Elisabet Lindgren and Thomas Elmqvist
Ecosystem services refer to benefits for human societies and well-being obtained from ecosystems. Research on health effects of ecosystem services have until recently mostly focused on beneficial effects on physical and mental health from spending time in nature or having access to urban green space. However, nearly all of the different ecosystem services may have impacts on health, either directly or indirectly. Ecosystem services can be divided into provisioning services that provide food and water; regulating services that provide, for example, clean air, moderate extreme events, and regulate the local climate; supporting services that help maintain biodiversity and infectious disease control; and cultural services.
With a rapidly growing global population, the demand for food and water will increase. Knowledge about ecosystems will provide opportunities for sustainable agriculture production in both terrestrial and marine environments. Diarrheal diseases and associated childhood deaths are strongly linked to poor water quality, sanitation, and hygiene. Even though improvements are being made, nearly 750 million people still lack access to reliable water sources. Ecosystems such as forests, wetlands, and lakes capture, filter, and store water used for drinking, irrigation, and other human purposes. Wetlands also store and treat solid waste and wastewater, and such ecosystem services could become of increasing use for sustainable development.
Ecosystems contribute to local climate regulation and are of importance for climate change mitigation and adaptation. Coastal ecosystems, such as mangrove and coral reefs, act as natural barriers against storm surges and flooding. Flooding is associated with increased risk of deaths, epidemic outbreaks, and negative health impacts from destroyed infrastructure. Vegetation reduces the risk of flooding, also in cities, by increasing permeability and reducing surface runoff following precipitation events.
The urban heat island effect will increase city-center temperatures during heatwaves. The elderly, people with chronic cardiovascular and respiratory diseases, and outdoor workers in cities where temperatures soar during heatwaves are in particular vulnerable to heat. Vegetation and especially trees help in different ways to reduce temperatures by shading and evapotranspiration. Air pollution increases the mortality and morbidity risks during heatwaves. Vegetation has been shown also to contribute to improved air quality by, depending on plant species, filtering out gases and airborne particulates. Greenery also has a noise-reducing effect, thereby decreasing noise-related illnesses and annoyances. Biological control uses the knowledge of ecosystems and biodiversity to help control human and animal diseases.
Natural surroundings and urban parks and gardens have direct beneficial effects on people’s physical and mental health and well-being. Increased physical activities have well-known health benefits. Spending time in natural environments has also been linked to aesthetic benefits, life enrichments, social cohesion, and spiritual experience. Even living close to or with a view of nature has been shown to reduce stress and increase a sense of well-being.

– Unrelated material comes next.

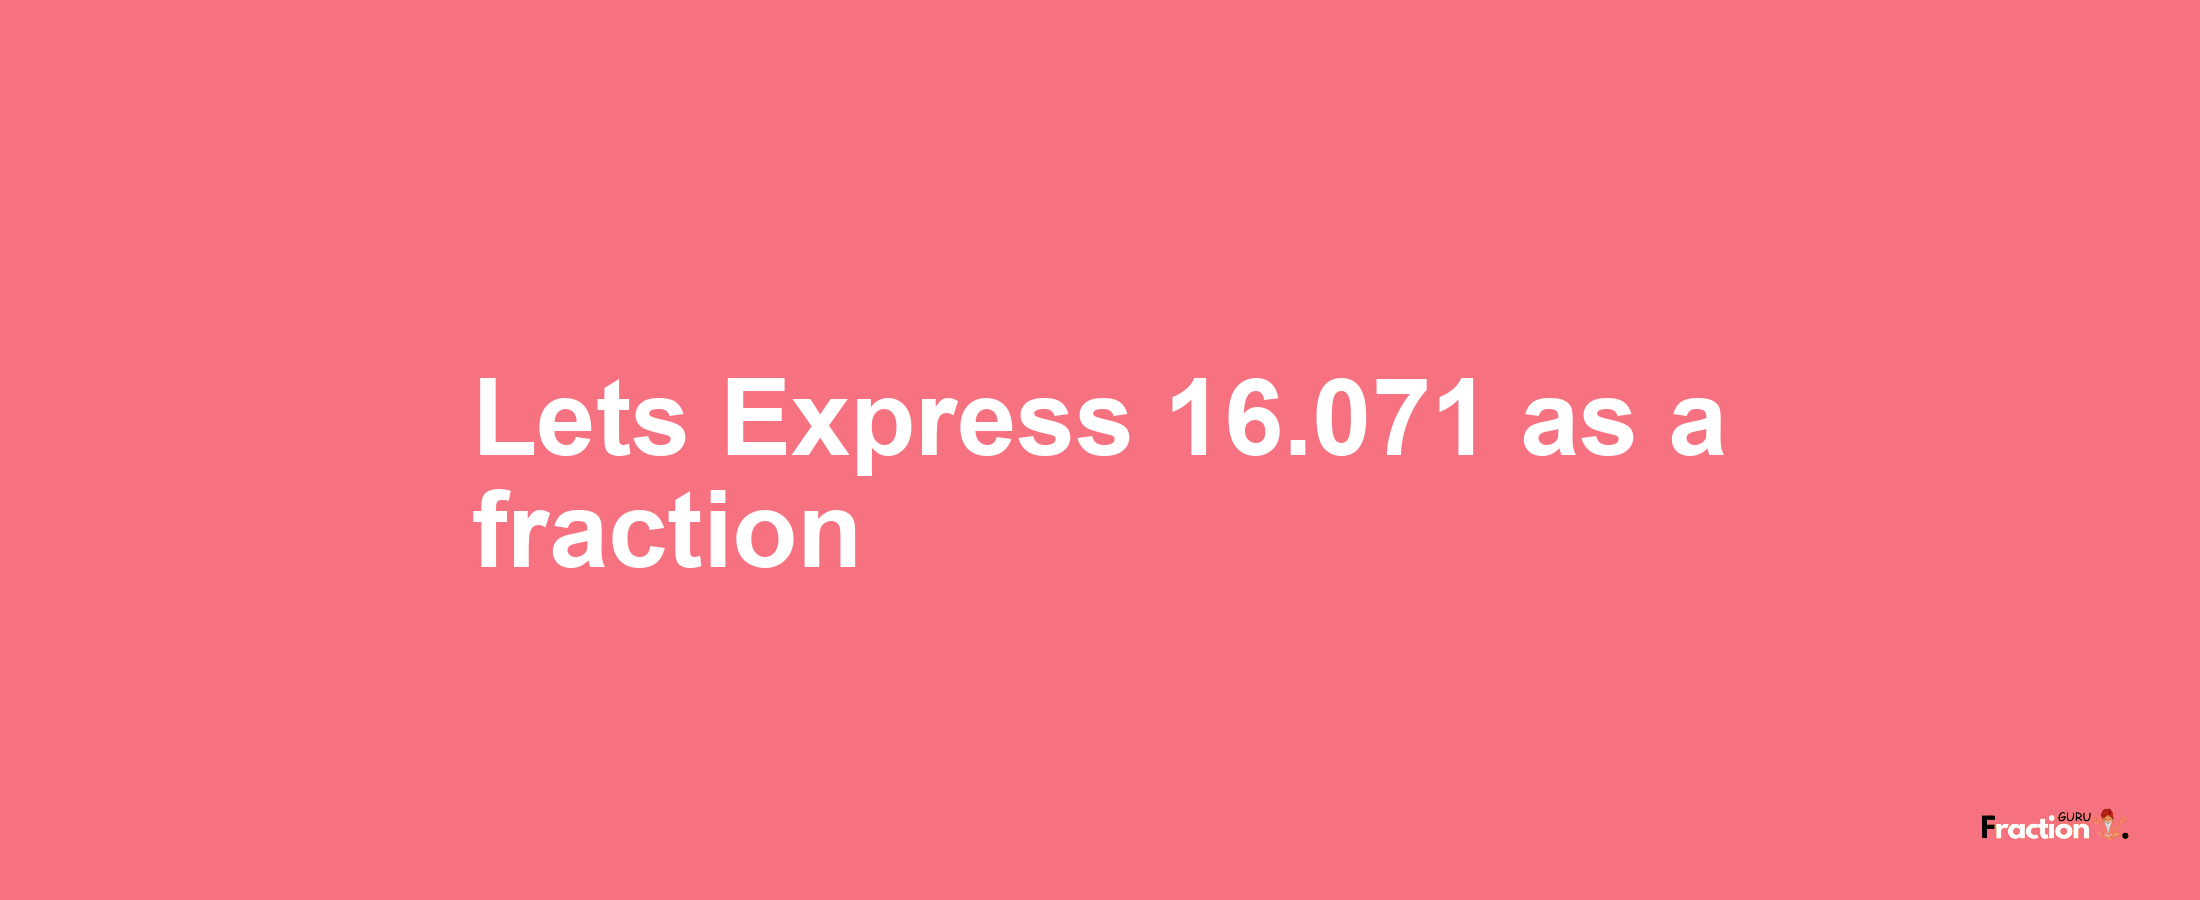 Lets Express 16.071 as afraction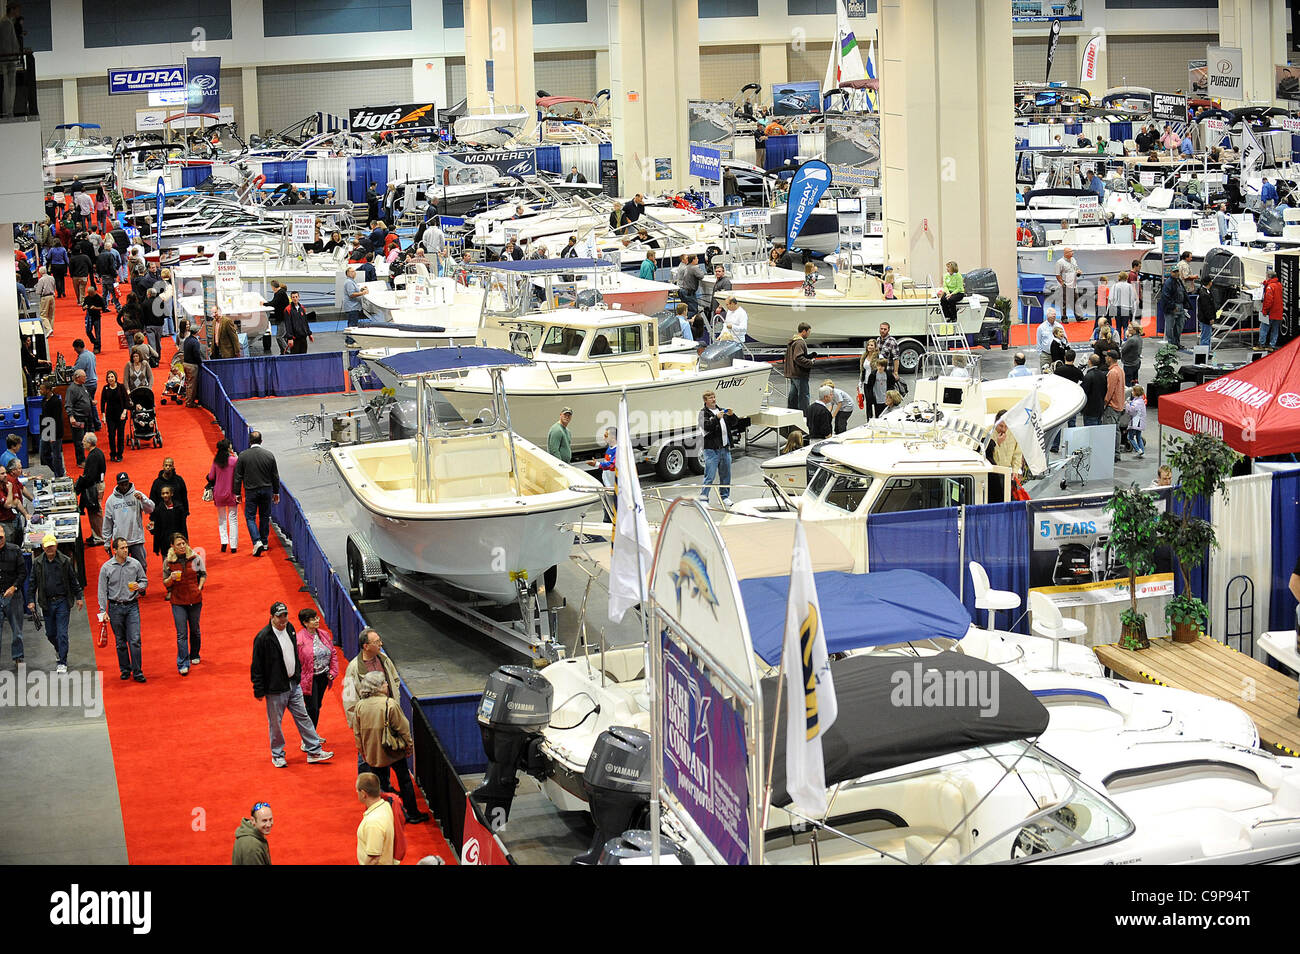 Feb. 4, 2012 - Raleigh, North Carolina; USA - Patrons attend the 2012 Raleigh Convention Center Boat Show that took place at the Raleigh Convention Center. Thousands of people attend the event to see new boats and watercraft  models. Copyright 2012 Jason Moore. (Credit Image: © Jason Moore/ZUMAPRESS Stock Photo

Maria Cristina Fossi and Cristina Panti
This is an advance summary of a forthcoming article in the Oxford Research Encyclopedia of Environmental Science. Please check back later for the full article.
In the past, the use of large marine vertebrates in marine ecosystem monitoring and assessment has been criticized. The fact that these species are pelagic and highly mobile has led some to suggest that they are not useful indicator species. However, in recent years a contrary view has emerged suggesting that when we gain sufficient understanding of differences in species distribution and behavior, at different times of the year, they can be extremely valuable sentinels of environmental quality. Among large vertebrates, top predators play a crucial role in maintaining the structure and function of pelagic marine ecosystems. Among top predator species, 90% have been lost from the world’s oceans. Pelagic ecosystems may undergo collapse when large marine vertebrates are lost. It is crucial to know the status of large vertebrate populations and to establish mitigation measures for their conservation. For example, it is well known that the various cetacean species exhibit different home ranges and occupy different habitats. This knowledge can be exploited in hot-spot areas, such as the Mediterranean basin, where different species could serve as sentinels of marine environmental quality at different times during the annual cycle. In this contest, the bottlenose dolphin, a coastal species, could be an indicator of various anthropogenic pressures on the coastal environment. Similarly, the striped dolphin, the most abundant odontocete in the Mediterranean region, is distributed in deeper offshore waters and could be a sentinel of the pelagic environment. Finally, due to its broad-ranging seasonal movements across the whole basin, the fin whale could represent an integrated indicator of the whole Mediterranean area.
In this case, it seems that there is usually a particular large marine vertebrate species that provides the best opportunity for detecting and monitoring specific types of pollutants in particular marine areas at different times of the year. For example, swordfish and tuna are valuable for monitoring mercury concentrations and organochlorines, while turtles are especially useful for monitoring the occurrence of plastics, and mysticete cetaceans for looking at microplastics. It also emerged that large pelagic fish may be especially useful for monitoring short- to medium-term changes in pelagic ecosystems, while marine mammals such as whales provided a more integrated view over the long-term.